Entangled Tokens
Abstract
This EIP defines an interface for delegating control of a smart contract wallet to pairs of users using entangled ERC-721 non-fungible tokens.
Motivation
The motivation is to provide an easy way to share a wallet through NFTs, so that the act of buying an NFT (in a marketplace) gives the buyer the privilege to have access to a given wallet. This wallet could have budget in many tokens, or even be the owner of other NFTs.
A use case is to keep contact between an artist and an buyer of its NFTs. If an artist T has created a digital piece of art P with an NFT, then T creates 2 entangled tokens A and B so that he keeps A and transfer B to P. By construction of entangled tokens, only one transfer is possible for them, thus the artist proofs he’s been the creator of P by sending a transaction to A that is visible from B. Otherwise, the owner of P might check the authenticity of the artist by sending a transaction to B so that the artist might proof by showing the outcome out of A.
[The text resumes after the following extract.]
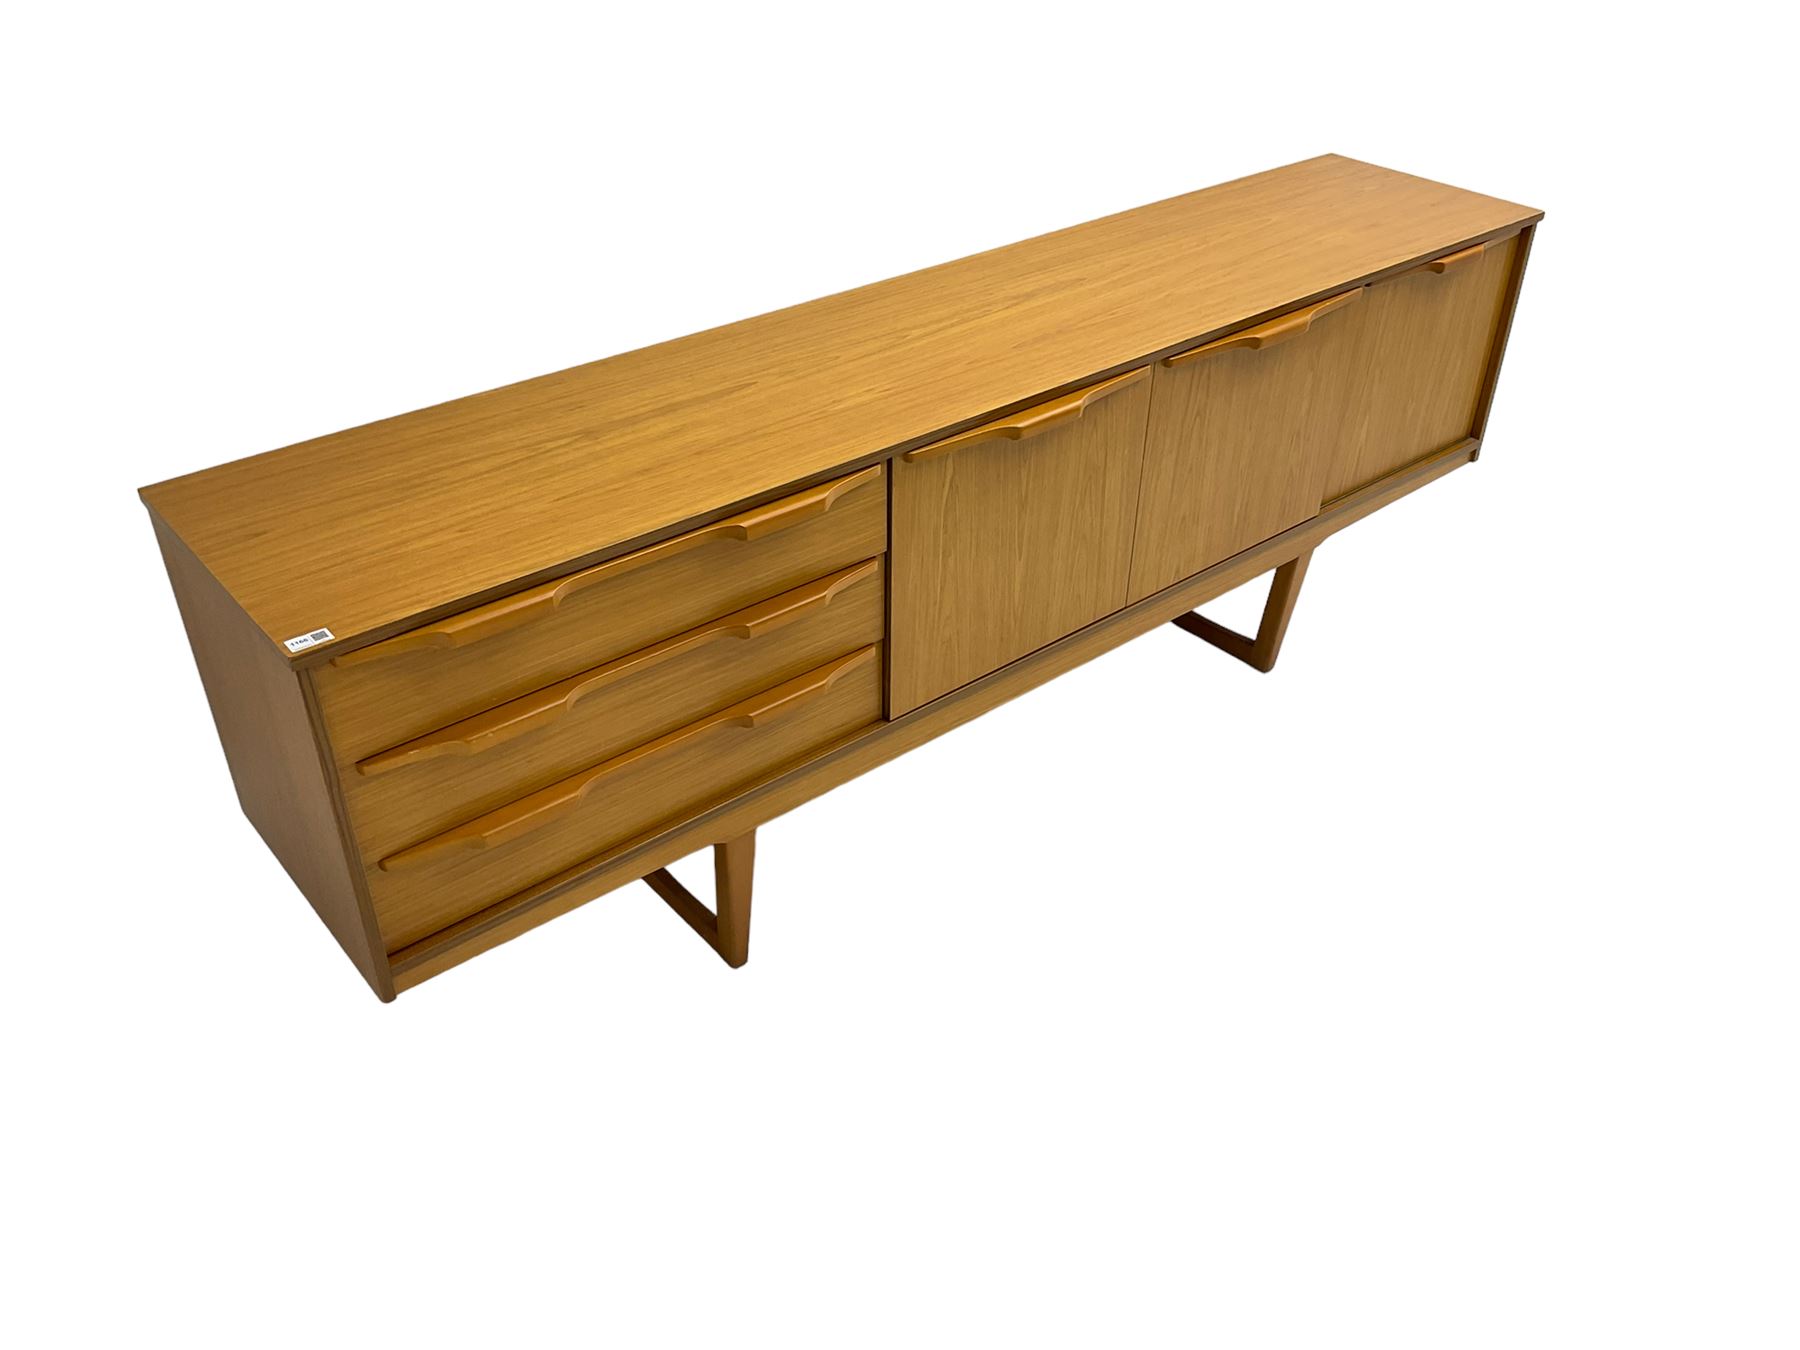 Stonehill Furniture (SF) Ltd - mid-20th century teak sideboard - Image 3 of 7
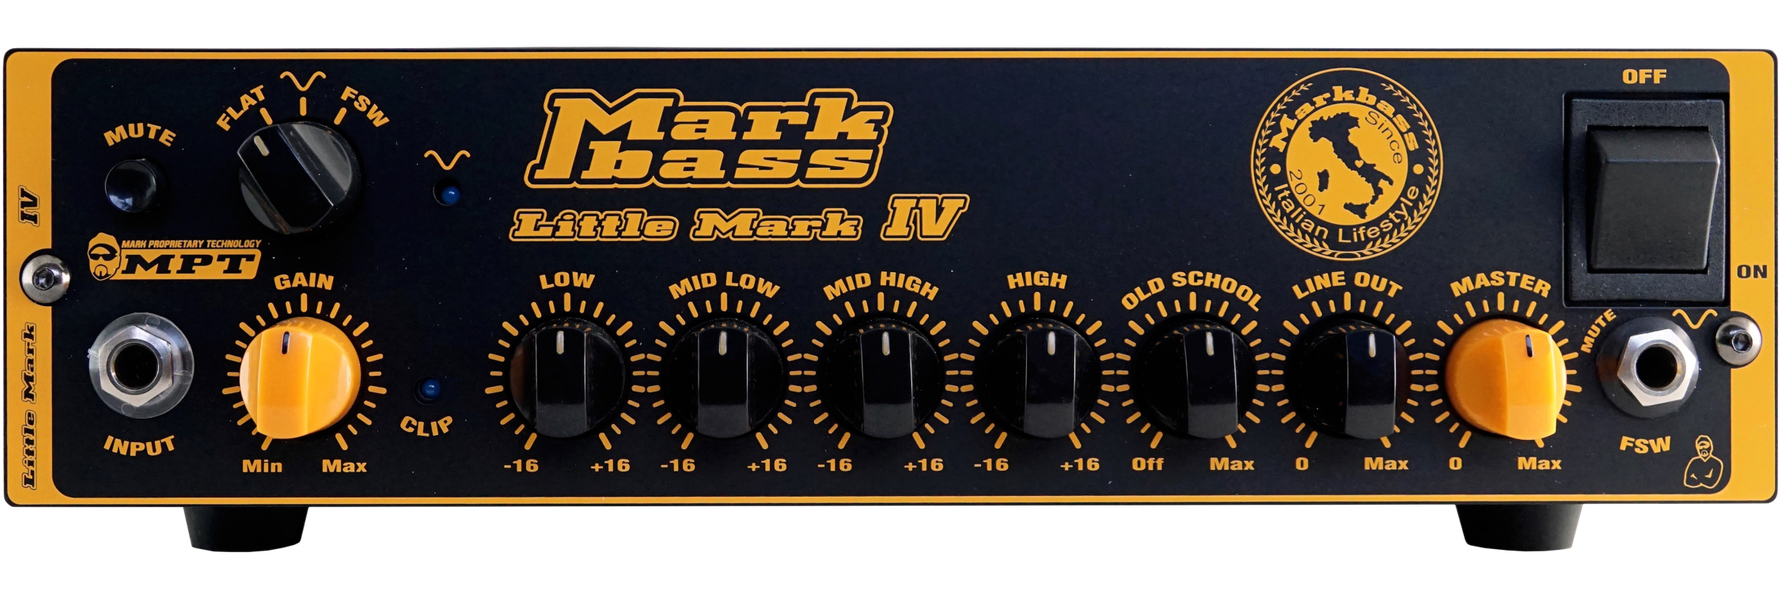 Markbass Little Mark Iv 500w Black - Cabezal para bajo - Variation 1

A version of this use case is when one user U mints his piece of art directly in the form of an entangled token A; then the user U sells/transfers it while keeping the entangled token B in the U’s wallet. The piece of art and the artists will be entangled whoever is the A’s owner.
These applications of entangled tokens are envisaged to be useful for:
- NFT authorship / art creation
- Distribution of royalties by the creator.
- Authenticity of a work of art: creation limited to the author (e.g. only 1000 copies if there are 1000 1000 entangled tokens in that NFT).
- Usowners (users that consume an NFT also become -partial- owners of the NFT)
- Reformulation of property rights: the one who owns the property receives it without having to follow in the footsteps of the owners.
- Identity: Only those credentials that have an entangled token with you are related to you.
- Vreservers (value-reservers).
Specification
An entangled token contract implements ERC-721 with the additional restriction that it only ever mints exactly two tokens at contract deployment: one with a tokenId
of 0
, the other with a tokenId
of 1
. The entangled token contract also implements a smart contract wallet that can be operated by the owners of those two tokens.
Also, a tokenTransfer
function is to be be added in order to allow the token owners to transact with the ERC-20 tokens owned by the contract/NFT itself. The function signature is as follows:
function tokenTransfer(IERC20 token, address recipient, uint256 amount) public onlyOwners;
Rationale
We decide to extend ERC-721 (ERC-1155 could be also possible) because the main purpose of this is to be compatible with current marketplaces platforms. This entangled NFTs will be listed in a marketplace, and the user who buys it will have then the possibility to transact with the wallet properties (fungible and non fungible tokens).
Backwards Compatibility
No backwards compatibility issues.
Reference Implementation
Mint two tokens, and only two, at the contract constructor, and set the minted
property to true:
bool private _minted;
constructor(string memory name, string memory symbol, string memory base_uri) ERC721(name, symbol) {
baseUri = base_uri;
_mint(msg.sender,0);
_mint(msg.sender,1);
_minted = true;
}
function _mint(address to, uint256 tokenId) internal virtual override {
require(!_minted, "ERC4950: already minted");
super._mint(to, tokenId);
}
Add additional functions to allow both NFT user owners to operate with other ERC-20 tokens owned by the contract:
modifier onlyOwners() {
require(balanceOf(msg.sender) > 0, "Caller does not own any of the tokens");
_;
}
function tokenTransfer(IERC20 token, address recipient, uint256 amount) public onlyOwners {
token.transfer(recipient, amount);
}
Security Considerations
There are no security considerations.